Seroprevalence and Risk Factors of Chlamydia Infection in Pigs in Hunan Province, Southern China, 2017–2018
Junkun Yang, Shilin Chen, Minxiu Quan, Leqin Li, Ling Shang, Zhongxin Fan, Shifeng Hu

TL;DR
This study found a high rate of Chlamydia infection in pigs in Hunan, China, and identified risk factors like altitude and rearing systems.
Contribution
The study provides the first comprehensive seroprevalence data and risk factors for Chlamydia in pigs in Hunan province.
Findings
The overall seroprevalence of Chlamydia in pigs was 26.90%.
Altitude, sampling regions, and rearing systems were identified as risk factors for infection.

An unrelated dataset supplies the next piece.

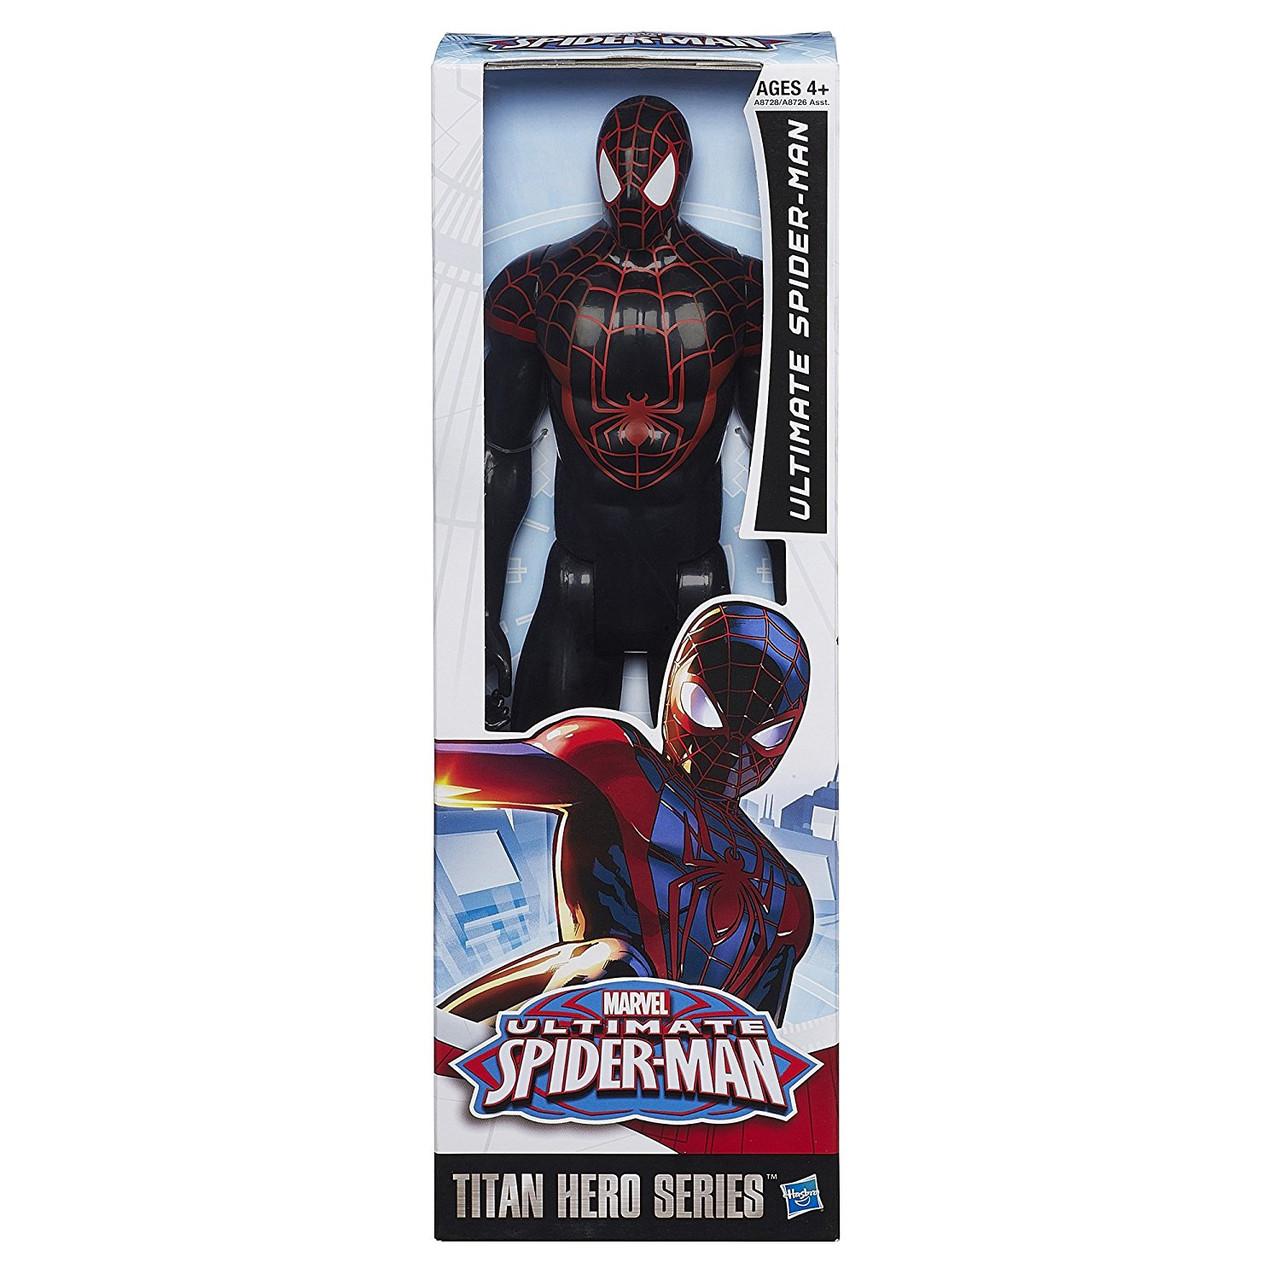 "Игрушка-фигурка Совершенный Человек-Паук - Ultimate Spider-man, ""Titan Hero Series"", Hasbro"
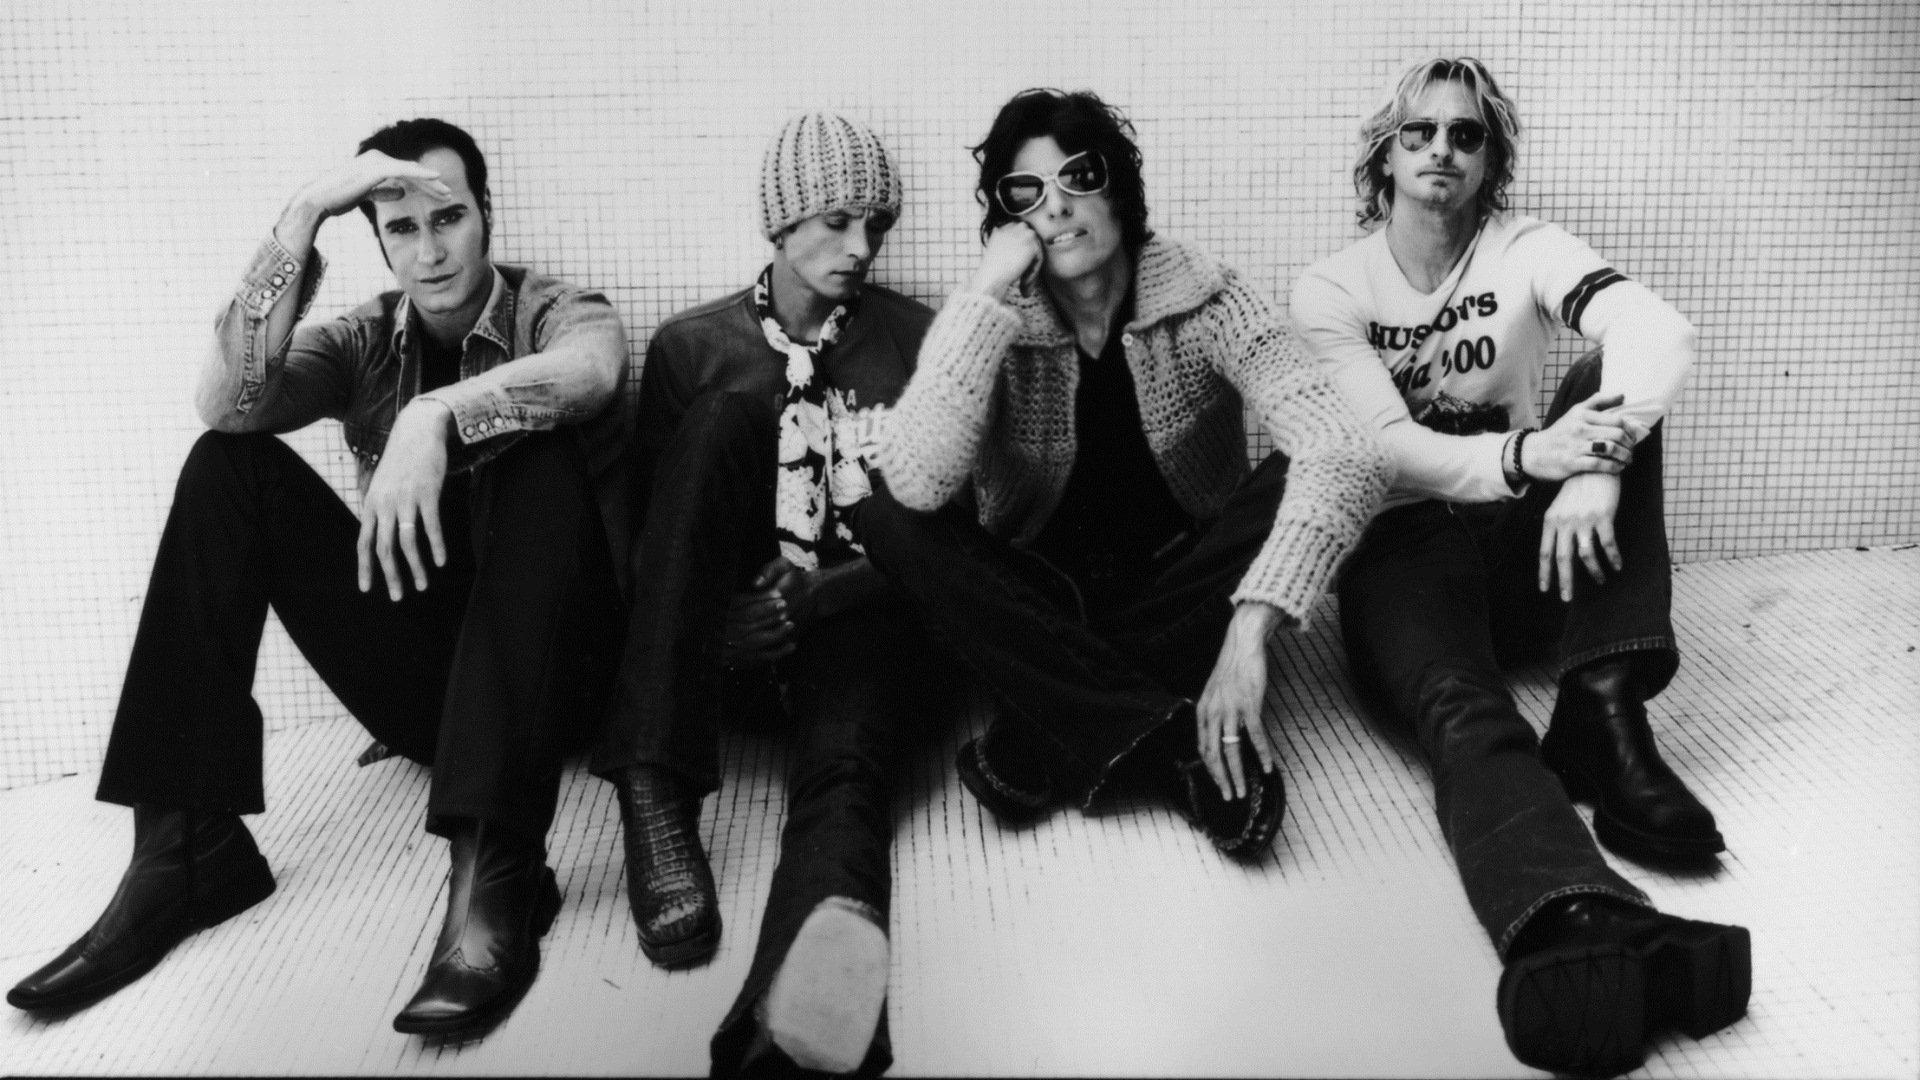 STONE TEMPLE PILOTS alternative hard rock grunge metal wallpaper    Stone Temple Pilots 90s

The findings highlight a potential risk to human health from Chlamydia in pigs.
Abstract
Chlamydia is a Gram-negative obligate intracellular bacterium that is pathogenic for humans and a large variety of veterinary animal species. However, there is no continuous monitoring of chlamydia infection data in pigs in Hunan province, southern China. Therefore, in order to evaluate the seroprevalence and identify risk factors associated with Chlamydia infection in pigs within this region, a comprehensive study was conducted. A total of 3848 serum samples were collected from pigs (from farmers and companies) between May 2017 and August 2018. The presence of specific antibodies against Chlamydia was determined through the employment of the indirect hemagglutination assay (IHA). The overall seroprevalence of Chlamydia was determined to be 26.90% (1038/3848, 95% confidence interval: 25.60–28.40). By employing statistical analysis using SPSS software (p < 0.05), factors such as…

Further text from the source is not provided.